Вокруг него куча народу. Бегают, говорят, смеются, ссорятся, кричат друг на друга, о чём-то спорят, чему-то радуются. А ему чудится, что он один. Совсем один. Никогда он не чувствовал себя таким одиноким, как в этой толпе ребят.

Он как-то не знает, куда себя деть. Даже не знает, куда, например, сесть. Кругом много скамеек, можно сесть и прямо на траву. Но никуда садиться ему не хочется.

Даже ноги при ходьбе двигаются не так, как прежде. Куда другие идут — в класс, в спальню, в столовую, в сад — туда и он плетётся. Но идти ему никуда не хочется.

О маме он старается не думать, потому что ведь мамы больше нет. Нигде нет: ни здесь, ни дома, ни на папином корабле, ни даже в Ленинграде, у её двоюродной сестры, тёти Маруси, ну, просто совсем нигде. Если начинаешь думать о маме, то всё как-то сдавливается внутри, становится трудно дышать и вообще перестаёшь соображать. Так что уж лучше о маме не думать.

Без папы скучно и тоскливо. Папа на свете есть, но очень далеко. Плывёт где-то по океану. Сперва он уехал на автобусе в Севастополь, потом на поезде в Ленинград, потом на корабле куда-то…

За несколько дней до отправки Матвея в интернат папа притянул его к себе, поставил между колен. Лицо у папы было задумчивое и грустное.

— Послушай, Матвей, в конце концов, я мог бы и отказаться от экспедиции. Но я специально готовился к ней очень долго. Это очень нужная экспедиция. Сейчас не поехать было бы с моей стороны подлостью по отношению к людям: так сразу найти другого сотрудника на моё место в экспедиции было бы очень трудно. Ехать необходимо. Но в крайнем случае я мог бы сказать: «Товарищи, я не могу ехать, потому что у меня маленький сын…»

— Я не маленький, — сказал Матвей.

— Да, ты не маленький, — согласился папа. — Но ещё всё-таки не большой. И вот этого не маленького, но и не большого сына приходится помещать в интернат, а ему туда не хочется. Кроме того, мог бы я сказать, у нас заболела бабушка. И хотя я знаю, что ехать очень нужно, необходимо, всё-таки постарайтесь заменить меня другим человеком. Я говорю с тобой прямо, как мужчина с мужчиной. Ну, что — ехать мне или нет? Скажи сам!

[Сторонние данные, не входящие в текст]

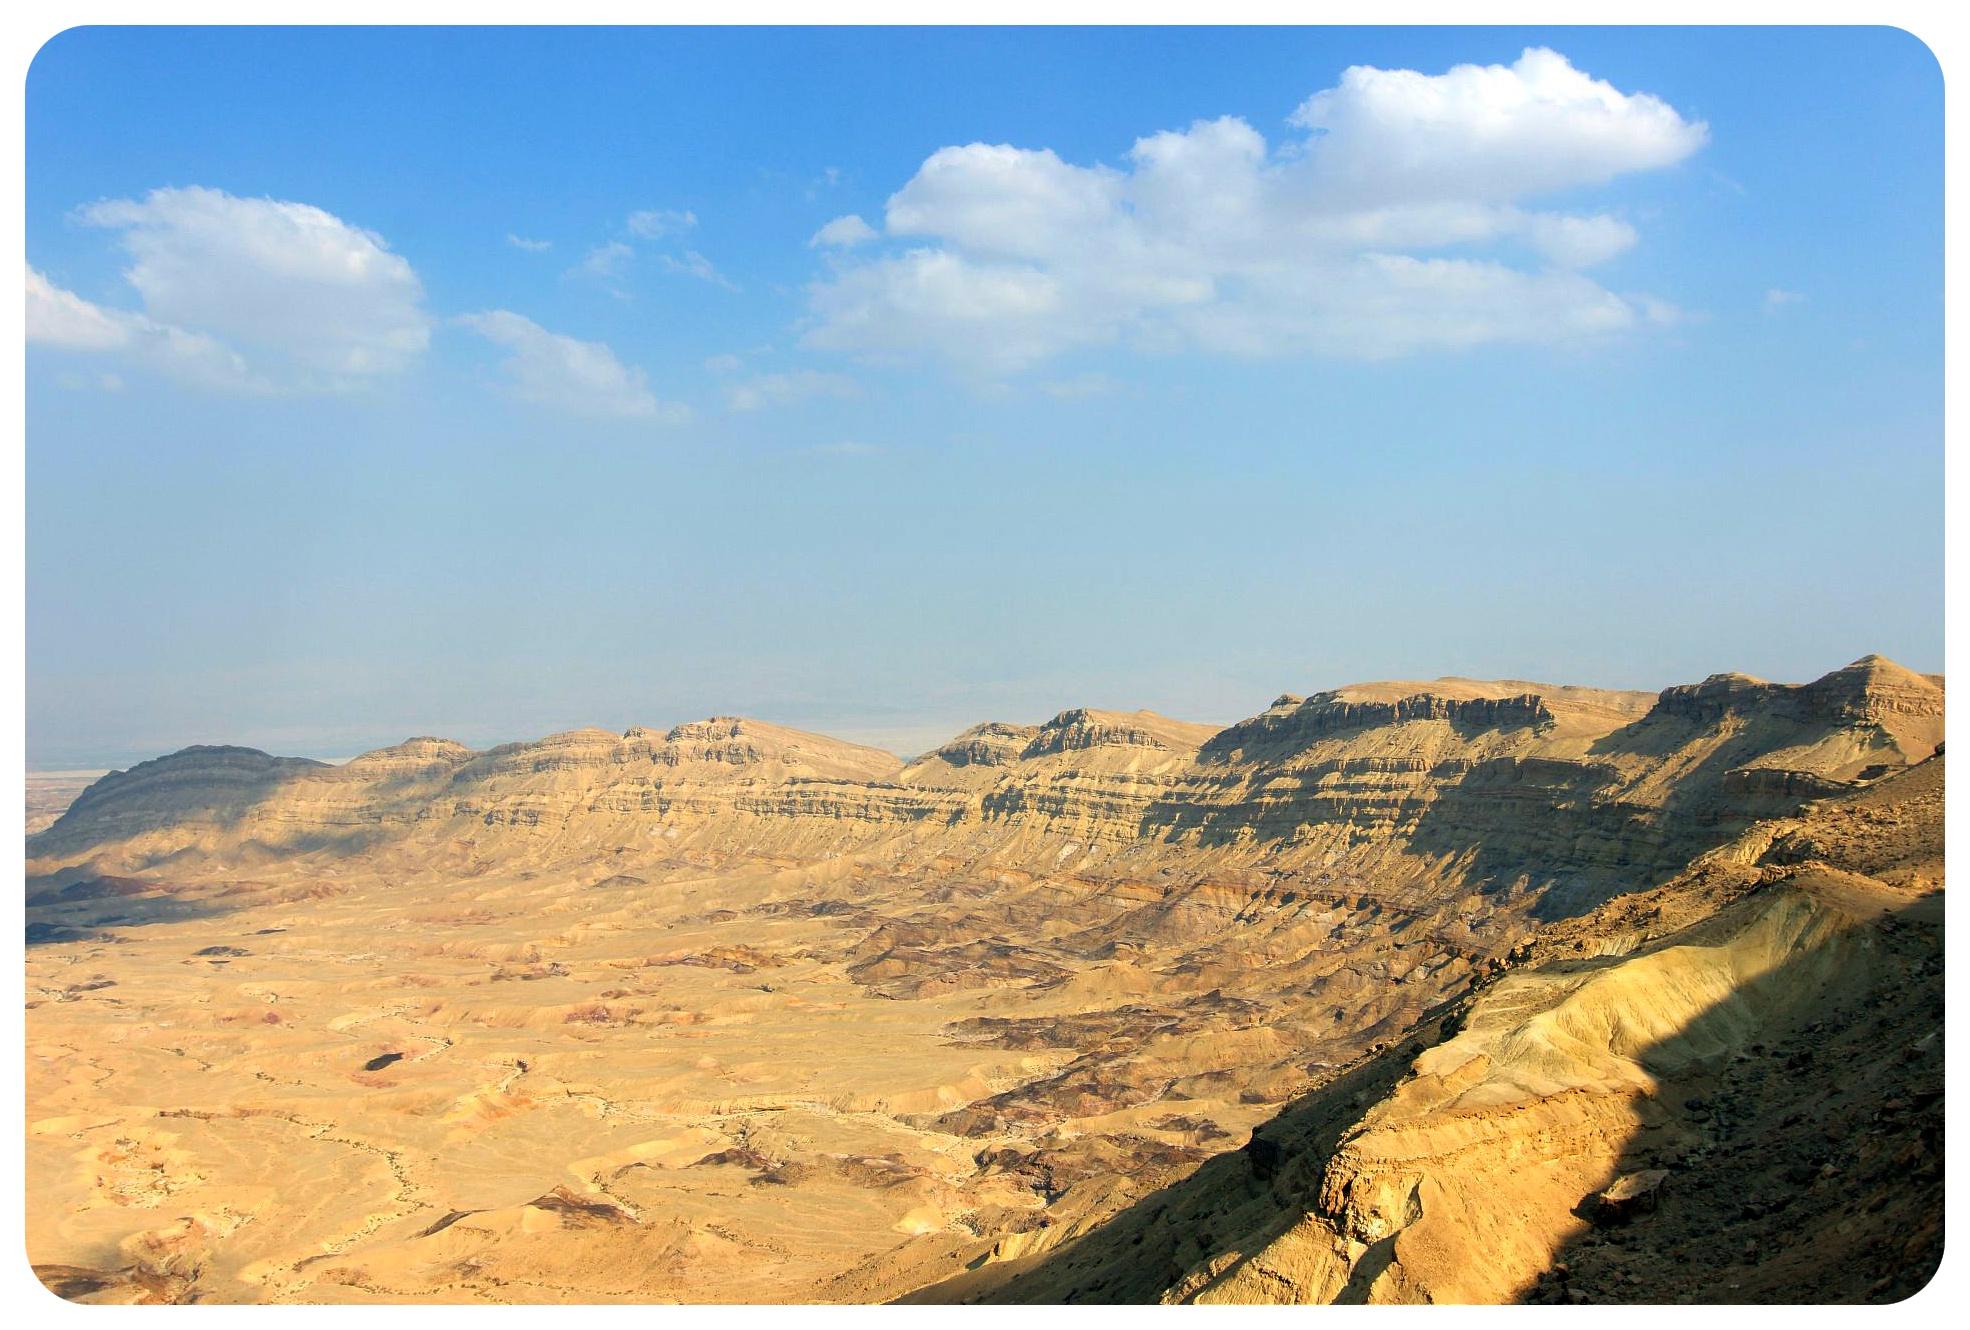 makhtesh katan crater israel negev desert

— Поезжай! — сказал Матвей. — Поезжай и скорей возвращайся!

И он даже не заплакал, расставаясь с папой в кабинете директора интерната. Нет, он не обижался на папу. Один мужчина не должен обижаться на другого мужчину, если тому надо плыть куда-то по морям и океанам в очень нужную экспедицию. Он просто скучал без папы, но не обижался на него.

А вот на бабушку Матвей сильно обижался: надо же было ей заболеть так не вовремя! Не заболела бы — его бы в интернат не отправили. Хоть и без папы, жили бы они дома и он ходил бы в свою школу. Целую неделю он уже проучился во втором классе своей школы. А Петька учился в третьем классе. Они вместе возвращались домой и по дороге сбивали палкой каштаны. Ребята в том втором классе были все знакомые ещё с прошлого года. Только две девочки были новенькие, да один Петраков уехал.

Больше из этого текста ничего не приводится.